The teacher was (once) primarily a man of knowledge, and a communicator
secondarily... I mean, he had first to get knowledge by discovering
it himself, before he could teach it to
anyone else.
Today,
the living teacher is primarily a man of learning,
rather than a discoverer [major criticism].... either
as a repeater or digester (summariser). In either case,
his students could learn everything he knows by reading the books
he has read.
(The original
thinker)... happens rarely. Every now and then the graduate school
is graced by a course of lectures which constitutes an original
communication.
(Although)...
complete originality is both impossible and misleading... the
self-educated man is as rare as the self-made man. They have exceptional
qualities of character - the stamina and the self-discipline,
the patience and perserverance.
Alive or
dead, the (repeater) teacher tries to import knowledge without
requiring too much or too skillful activity on the part of the
learner (student).
I am not
denying that the great books are likely to require a more arduous
and diligent effort than the digests... By my own standards of
good reading, I do not think I have read many books. I have, of
course, obtained information from a large number. But I have not
struggled for enlightenment with many. The
path to true learning is strewn with rocks, not roses.
(Reading)
always was and still is the hardest work
I do. I seldom do it inthe living room in an easy chair...
I do it sitting up at my desk, and almost always with a pencil
in hand and a pad at the side.
There should
be some discernible product of your mental activity.
-
DEBRIEF -
Adler
spent 300 pages to get me to read better. That's how convicted he
was about the falling literacy standards. And that was in 1940 in
a First World country !
He
came to these passionate conclusions because he saw his Arts students
giving technically perfect answers to literary masterpieces but
they showed little understanding of the higher meaning of the passages.
They were regurgitating back to him what the passages in the book
were saying without involving their own thinking and personal perspectives.

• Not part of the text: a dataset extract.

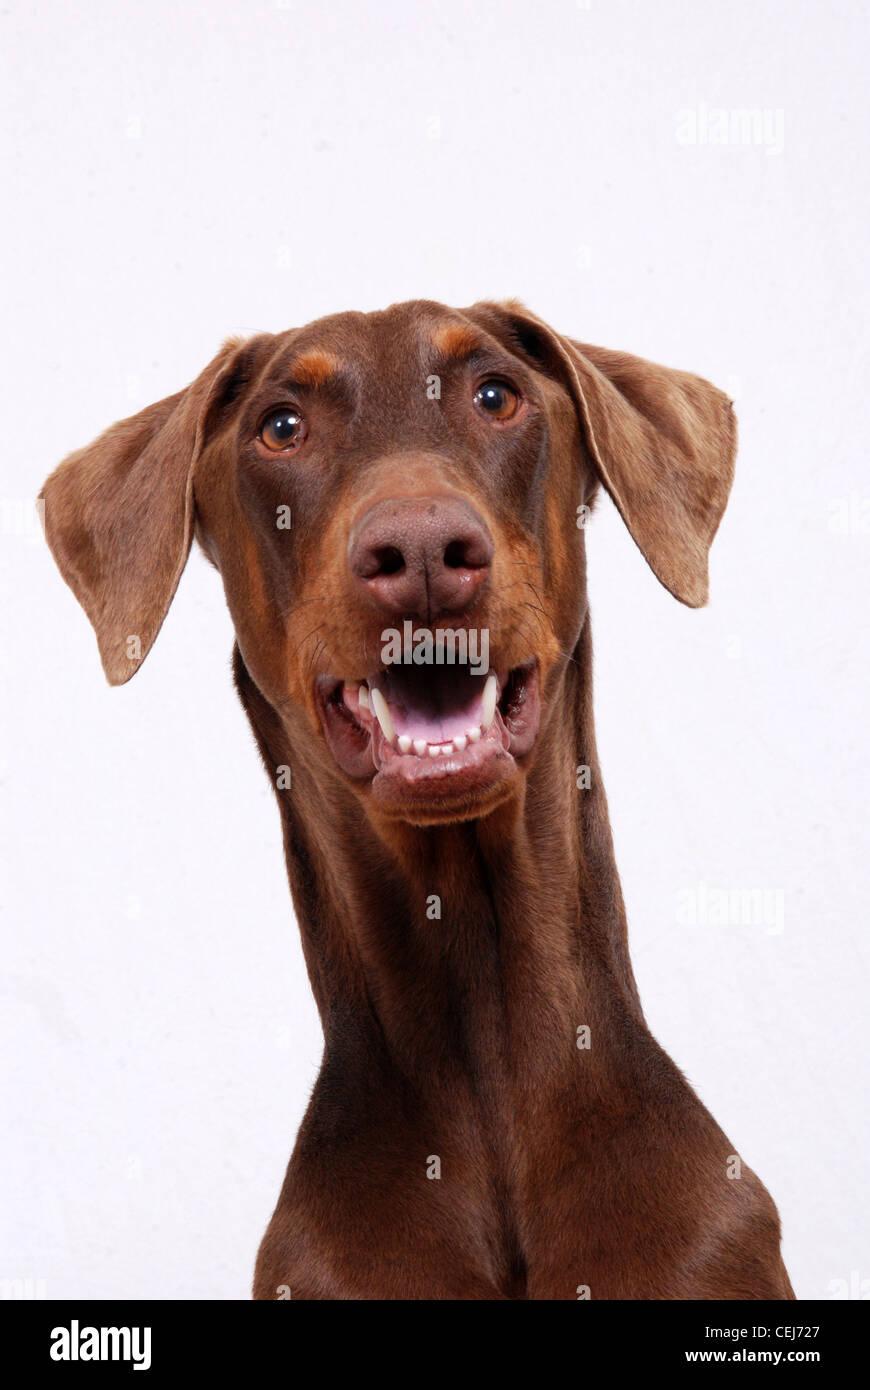 portrait of a red doberman pinscher dog stock photo 43426607 alamy
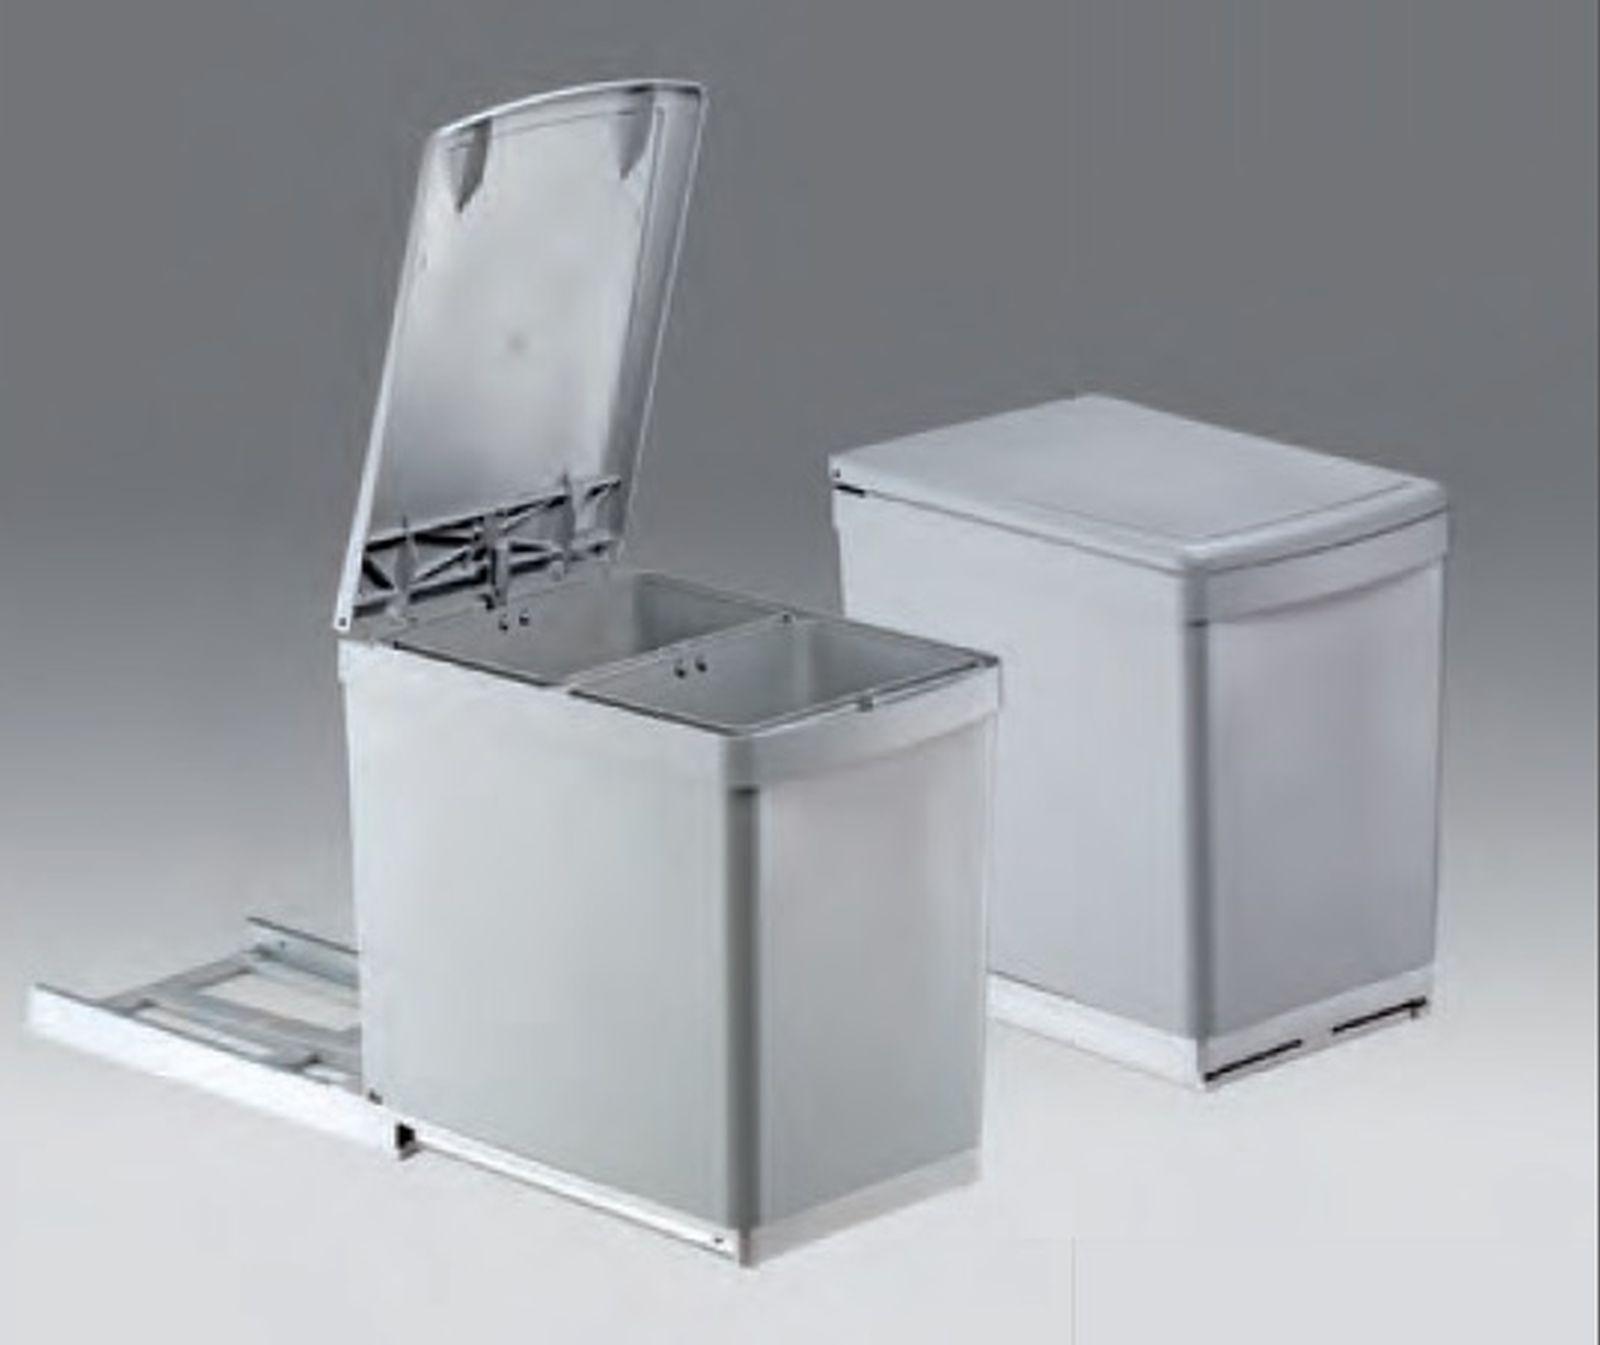 Wesco Basic 2 Vollauszug 2 x 7 5 L Abfall Mülleimer 30

This just shocked him. They knew the cost of everything but the
value of nothing !
You
cannot short cut profound learning, exhorts Mortimer Adler. Humans
should be into profound learning not shallow survival skills.
Here
is a similar example : The retiring Latin teacher of 20 years from
Melbourne High School, Australia, lamented how his students have
an efficiency mindset of dividing their homework time up between
subjects ruthlessly. He can understand their dilemma. Student numbers
for Latin are increasing but it is not leading to passion for the
subject. At the end of the year his students get quite good grades
on most subjects but NO PASSION for the subjects. You cannot develop
passion for a subject by doing the barest minimum ! Students end
up being grade achievers but indifferent to learning ! He seriously
raises the issue of what type of students do we really want to produce
?
I have attended
the equivalent of five full years of university to safely make the
observation that few graduates completed their degrees for the love
of it. In fact, the vast majority are to this day, I suggest, quite
apathetic about the subjects and to learning as a whole ! Could
it be we have started young people on the wrong assumptions of learning
?
One university
lecturer in chemistry said to me how one minute he could be expounding
on major truths on his passionate subject and then the next minute
straight after class his students scramble for their mobile phones,
seemingly unmoved by the foundational truths they have just been
exposed to !
Could it also
be that our role models... our teachers/lecturers/trainers... set
a poor standard of personal passion for the subject that they cover
?
Knowledge management
is all about on-the-job active and proactive learning. But if employees
have a dysfunctional mindset and poor habits towards learning then
no matter how good the 'system' is, the individual will NOT really
learn. Agreed ?
Our education
system has pointed us to the wrong destination - grades rather than
passion. And companies continue to pay the price for this juvenile
mindset... Managers rewarding staff for 'doing' not 'thinking' and
staff oblige by rarely showing any individual creativity. No wonder
visionaries like John Neisbitt (Megatrends) are proclaiming more
vehemently than ever before that people "need to learn how
they learn."
60 years on
and what has our education system achieved ? Producing lifelong
learners or grade achievers ?
Houston...
we have a MAJOR problem.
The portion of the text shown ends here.